▶ _The task_:
When you write out the listing below, keep each word exactly as it stands and drop the pictures.

▶ _Recorded information_:

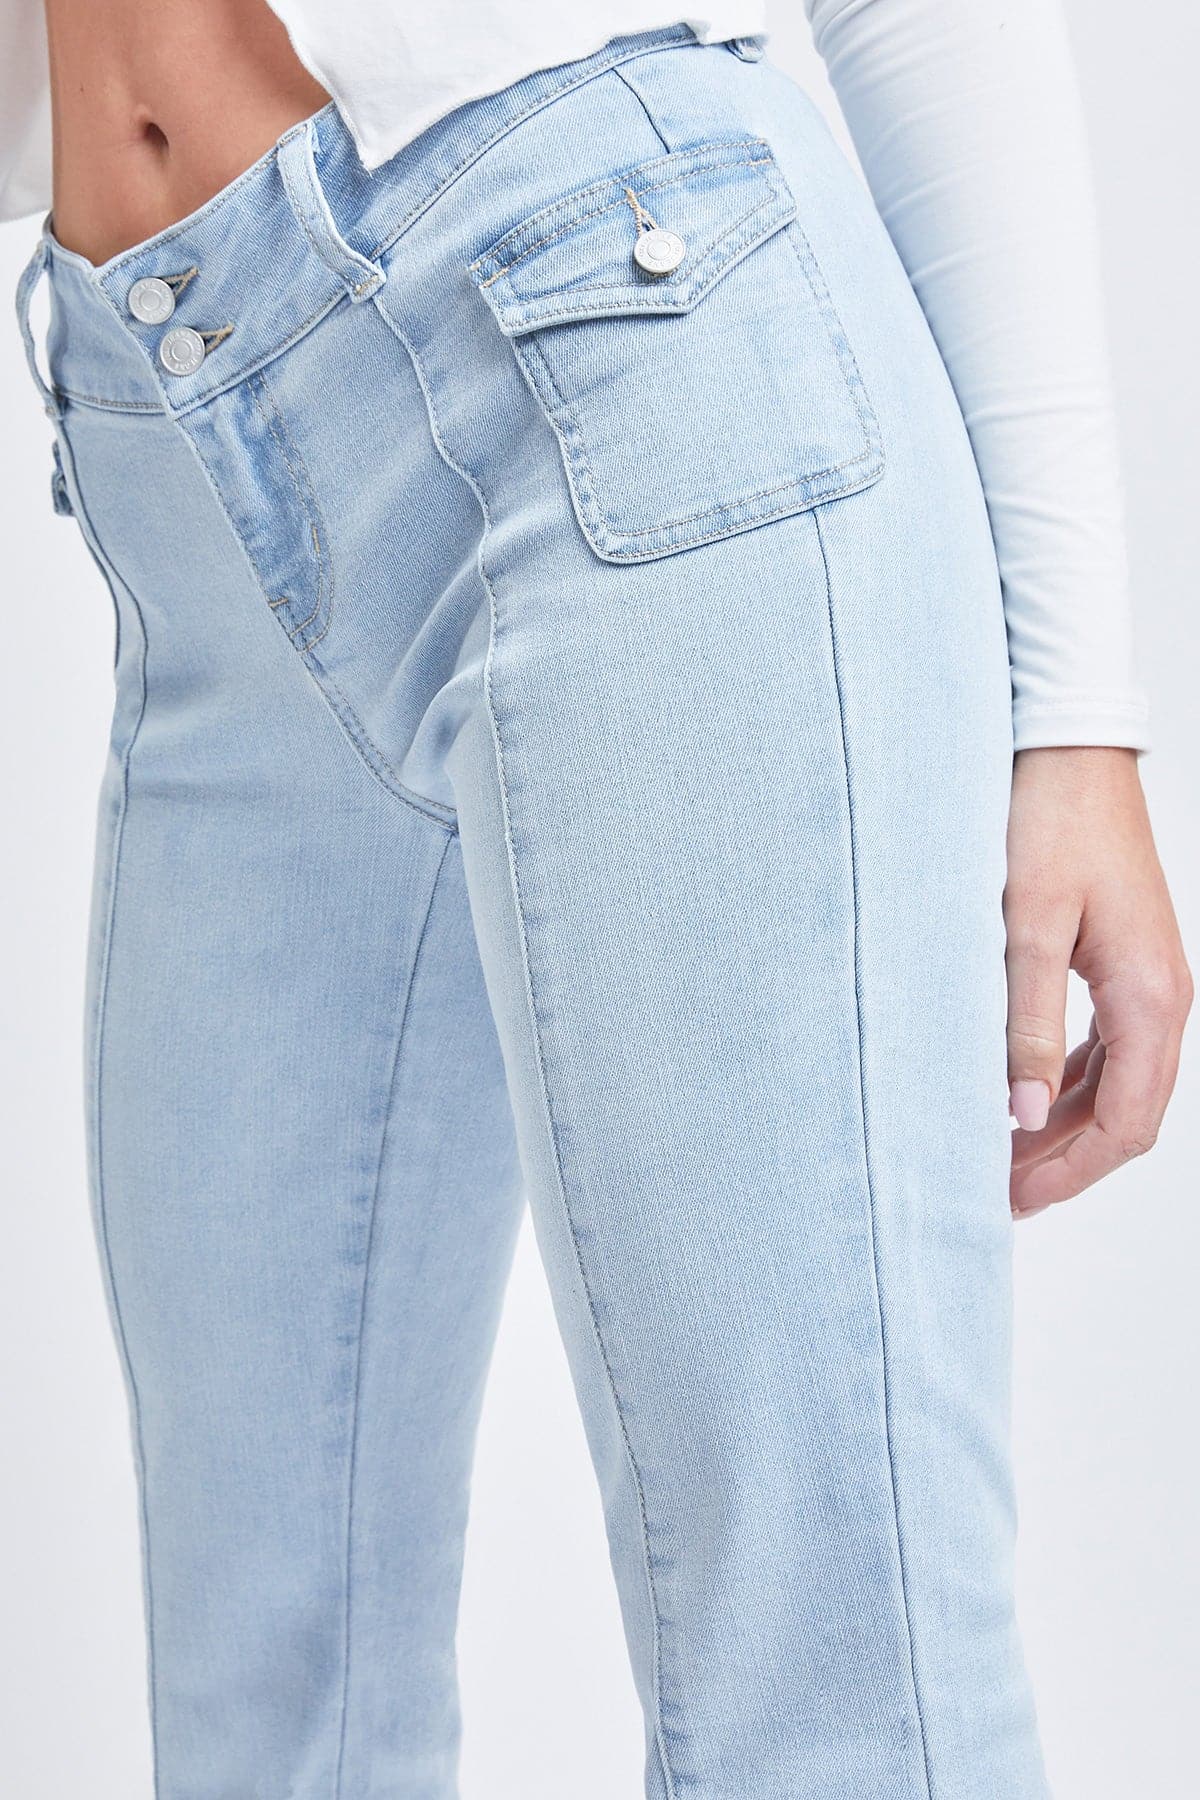 Women's Cargo Flare Jeans
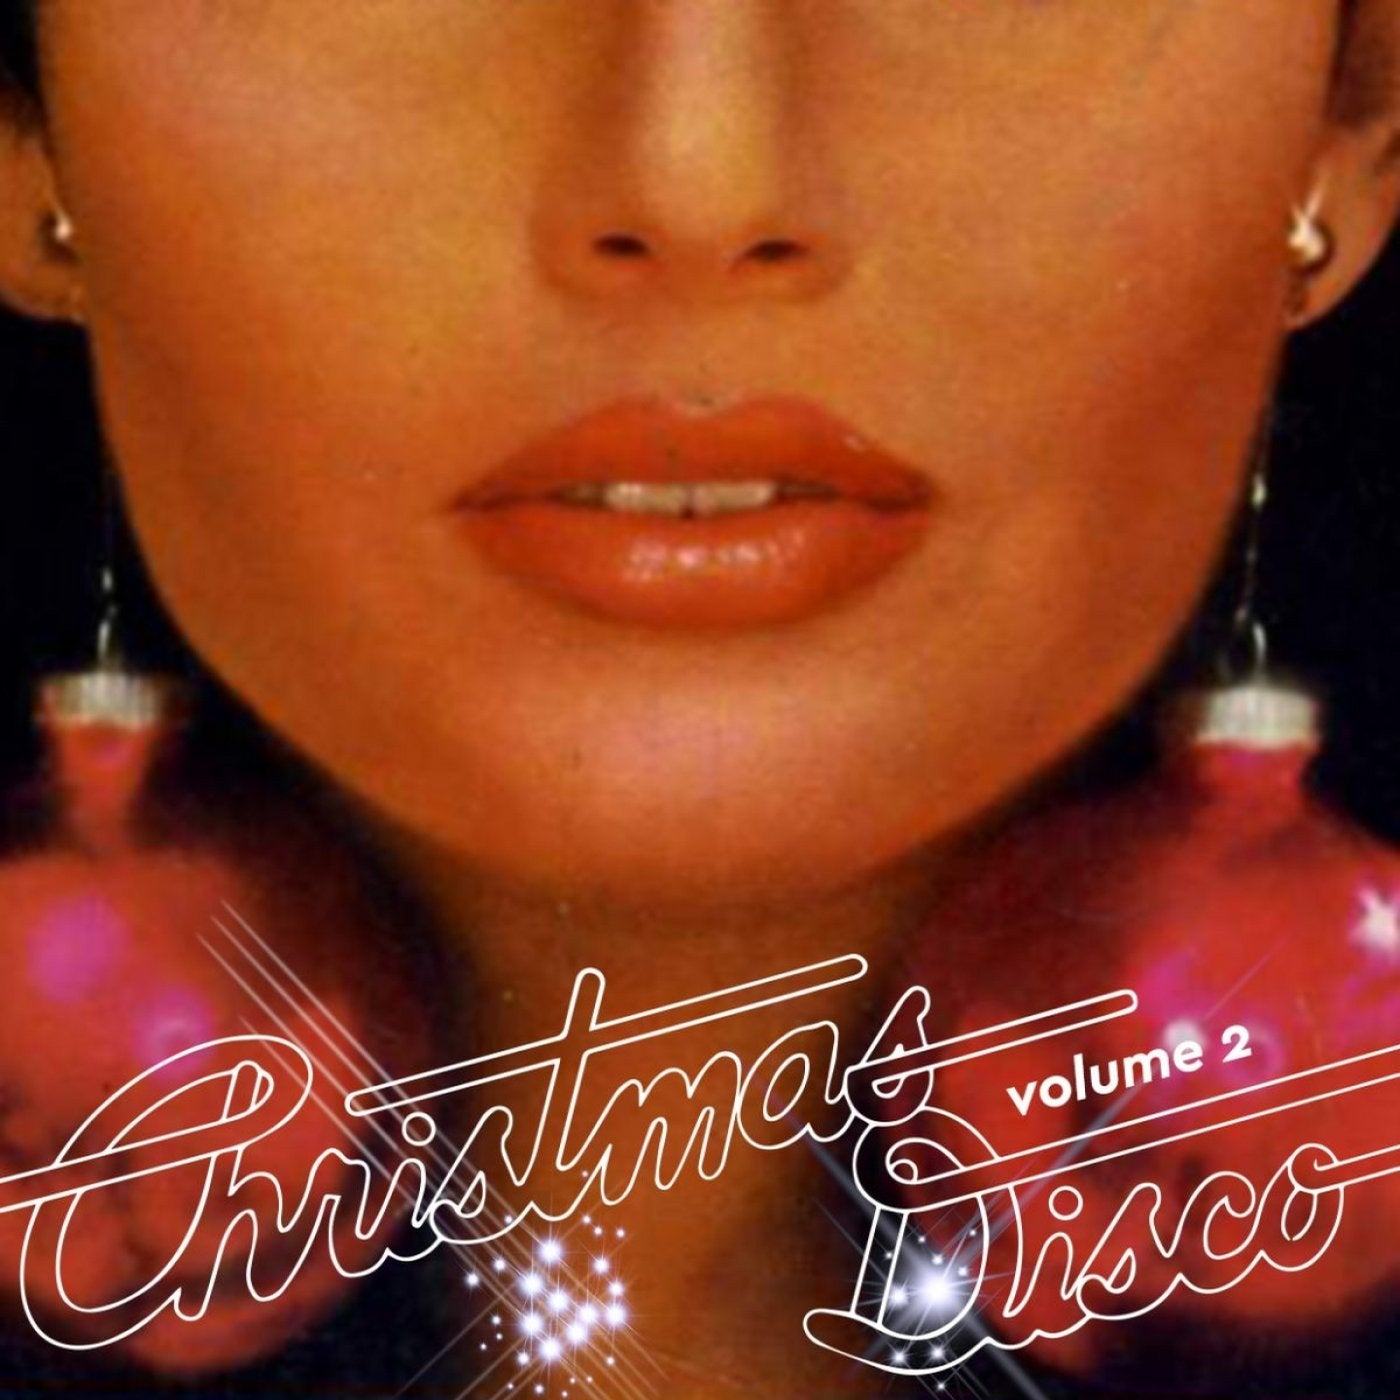 Christmas Disco, Vol. 2
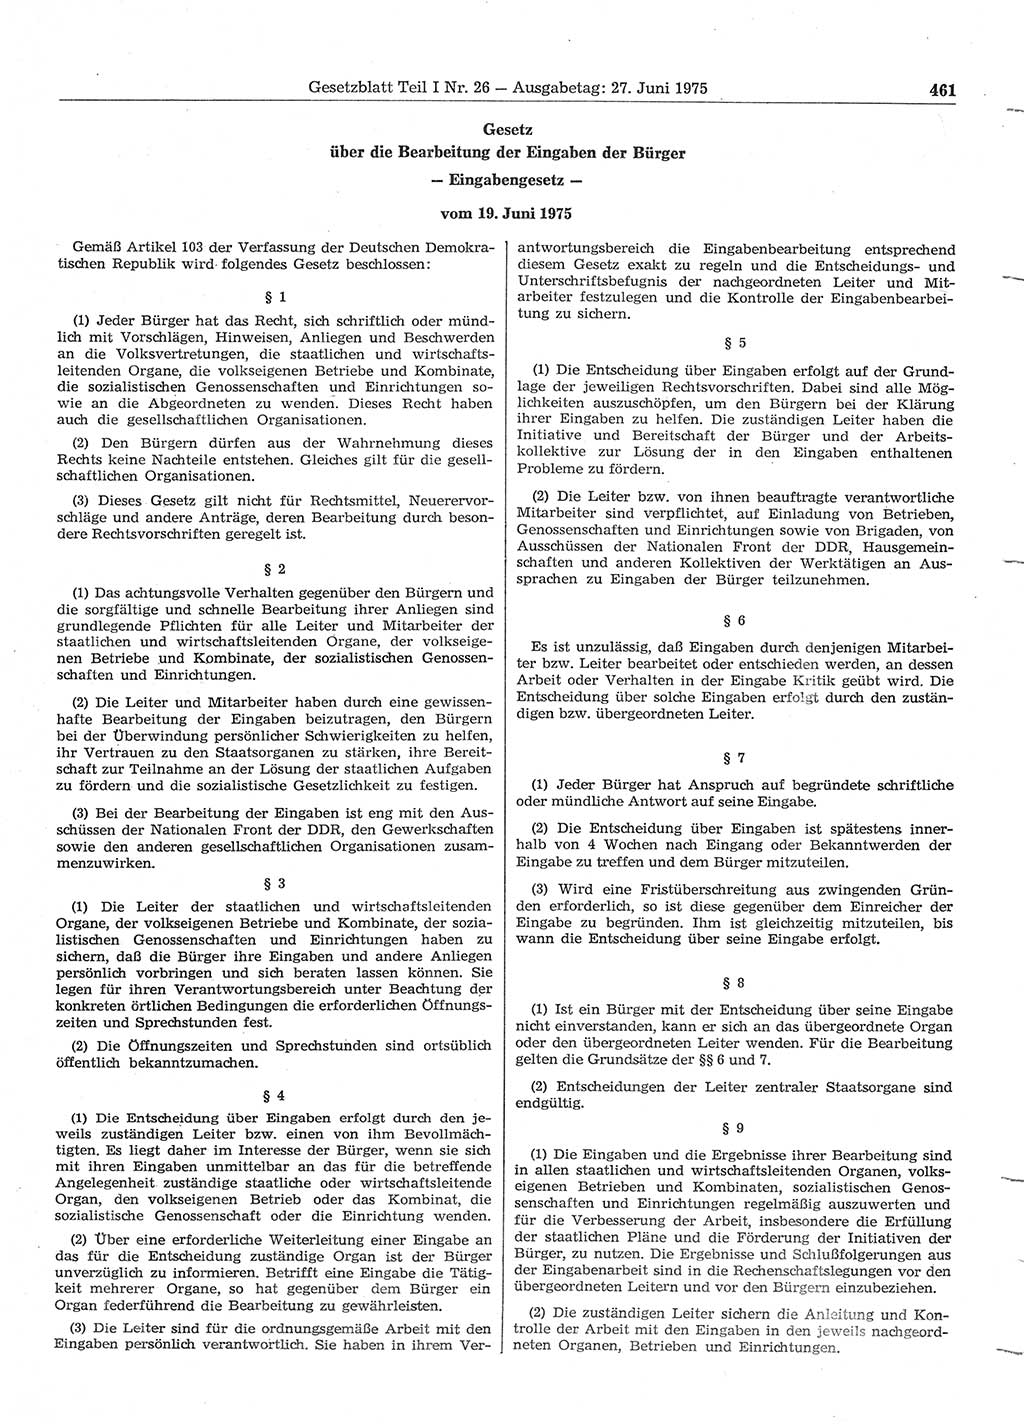 Gesetzblatt (GBl.) der Deutschen Demokratischen Republik (DDR) Teil Ⅰ 1975, Seite 461 (GBl. DDR Ⅰ 1975, S. 461)

▶ _Solution_:
 Women's Cargo Flare Jeans
 Christmas Disco, Vol. 2
 Gesetzblatt (GBl.) der Deutschen Demokratischen Republik (DDR) Teil Ⅰ 1975, Seite 461 (GBl. DDR Ⅰ 1975, S. 461)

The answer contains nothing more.